Why would she do that? That’s messed up.
I did have a look at myself in the mirror, and what I saw wasn’t great. My eyes were red and puffy, my acne was flaring and I was pale as. Did I look like this when I’d been about to kiss Madison? My eyes would have been normal, but my zits and pale face would have been the same. She didn’t seem to notice, I hope she didn’t care. I wouldn’t care if she was pale and zitty.
I washed my face and had a good, close look. Shit. I think I’m getting a mono-brow as well.

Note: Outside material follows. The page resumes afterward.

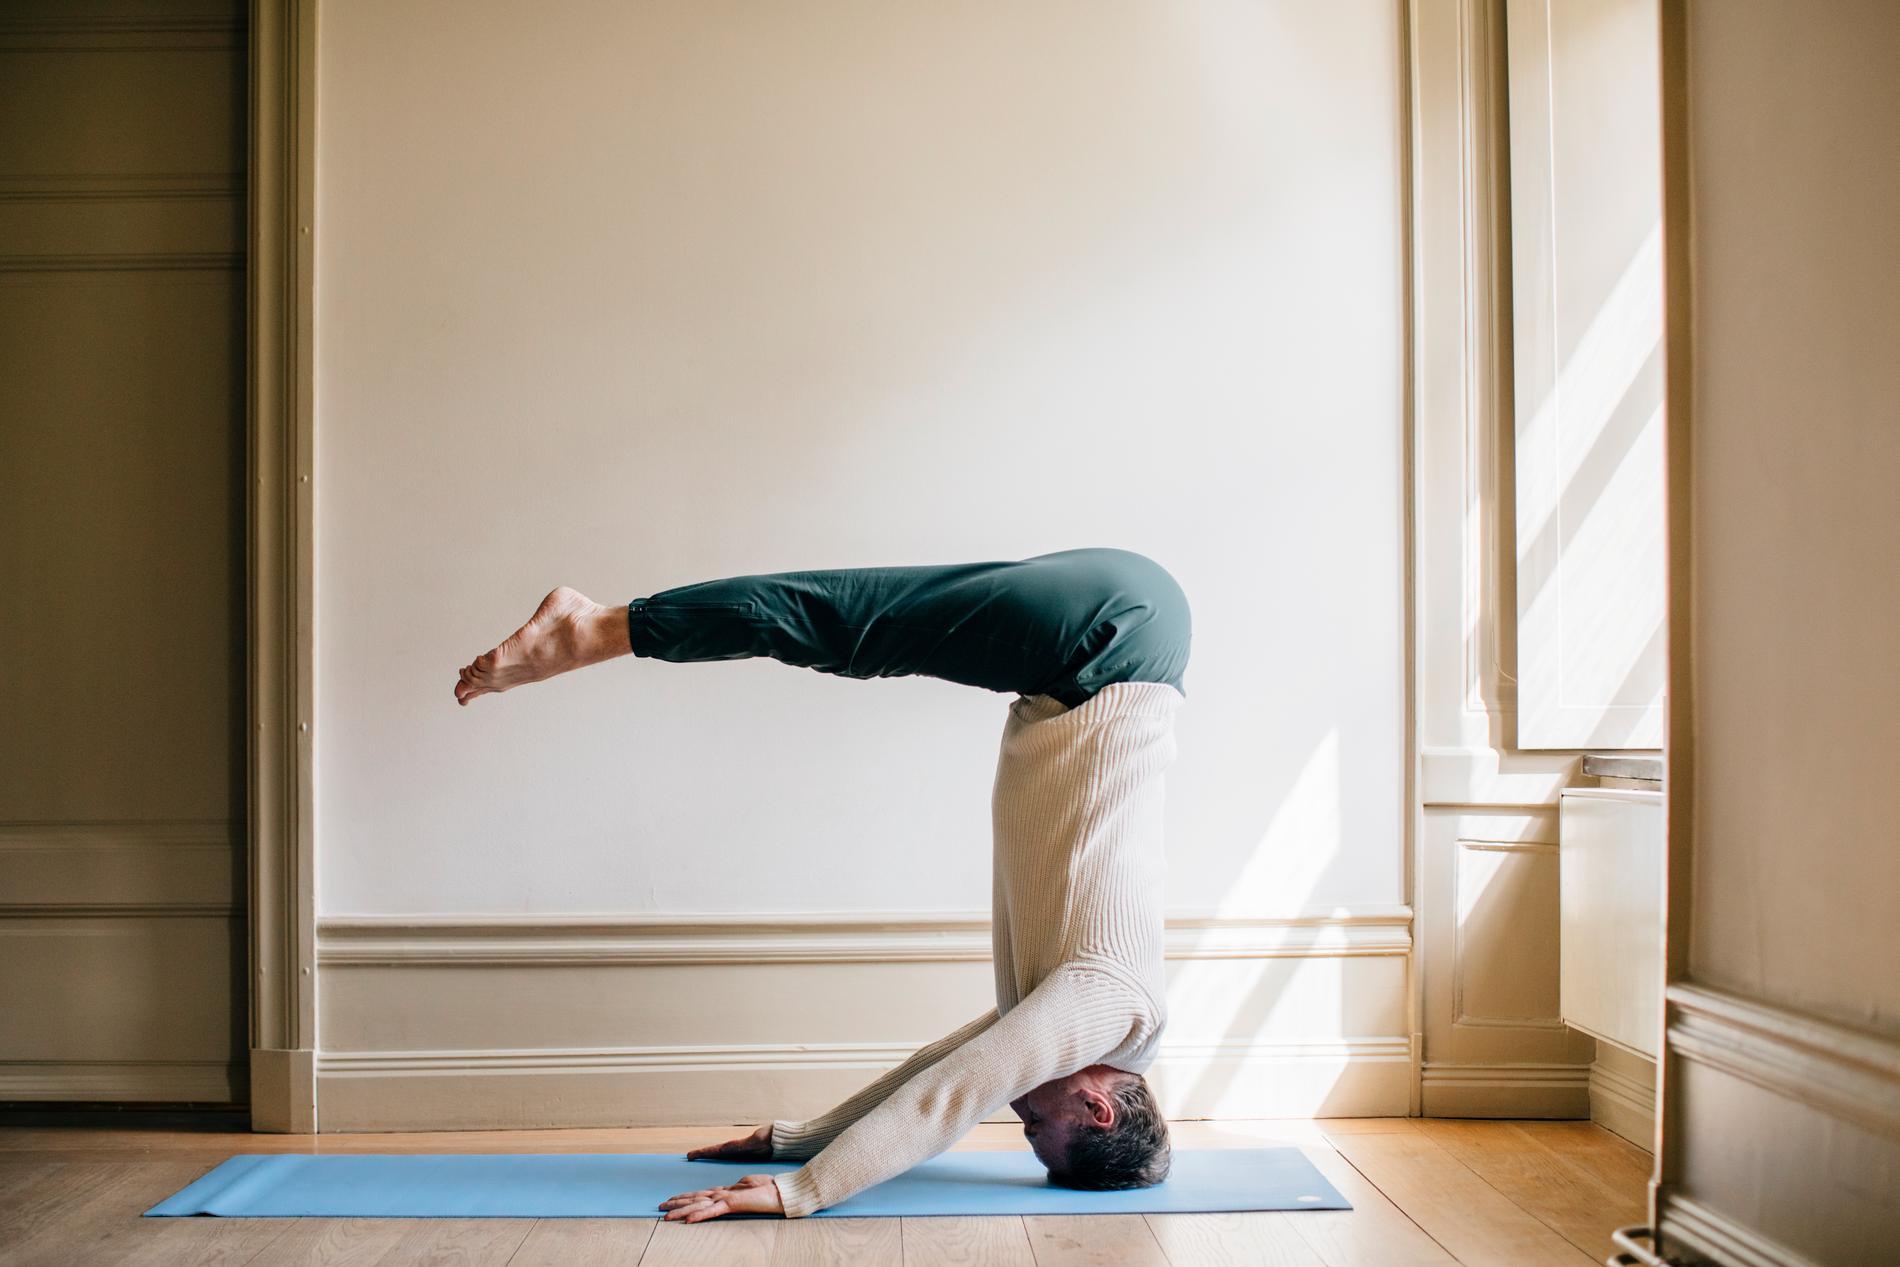 Manduka prolite yogamatta

Dad didn’t make it home for dinner, and I didn’t hang around for him before going to bed. He’d give it to me in the morning if he came home. He’d find out about what happened with Ronnie, for sure.
Mum tried to have a normal nothing-wrong-at-our-place kind of dinner but I wasn’t buying it. I was pissed at her. I was pissed at Ronnie for hiding away like that. But mostly at myself. I should never have let her walk off like that, whatever the reason.
I ate, cleared and left.
Mum came in to say goodnight. She was all soft and normal now. Apologetic, even. ‘Sometimes you’ve got to learn the lessons the hard way, Dylan. That’s just how it is. It’s not like you and your sister, Hayley, are listening to logic at the moment, so your dad and I have got to find other ways to get you to hear us, understand?’
‘Unnestand,’ I mumbled. It was meant to sound like I was asleep and she should leave me alone.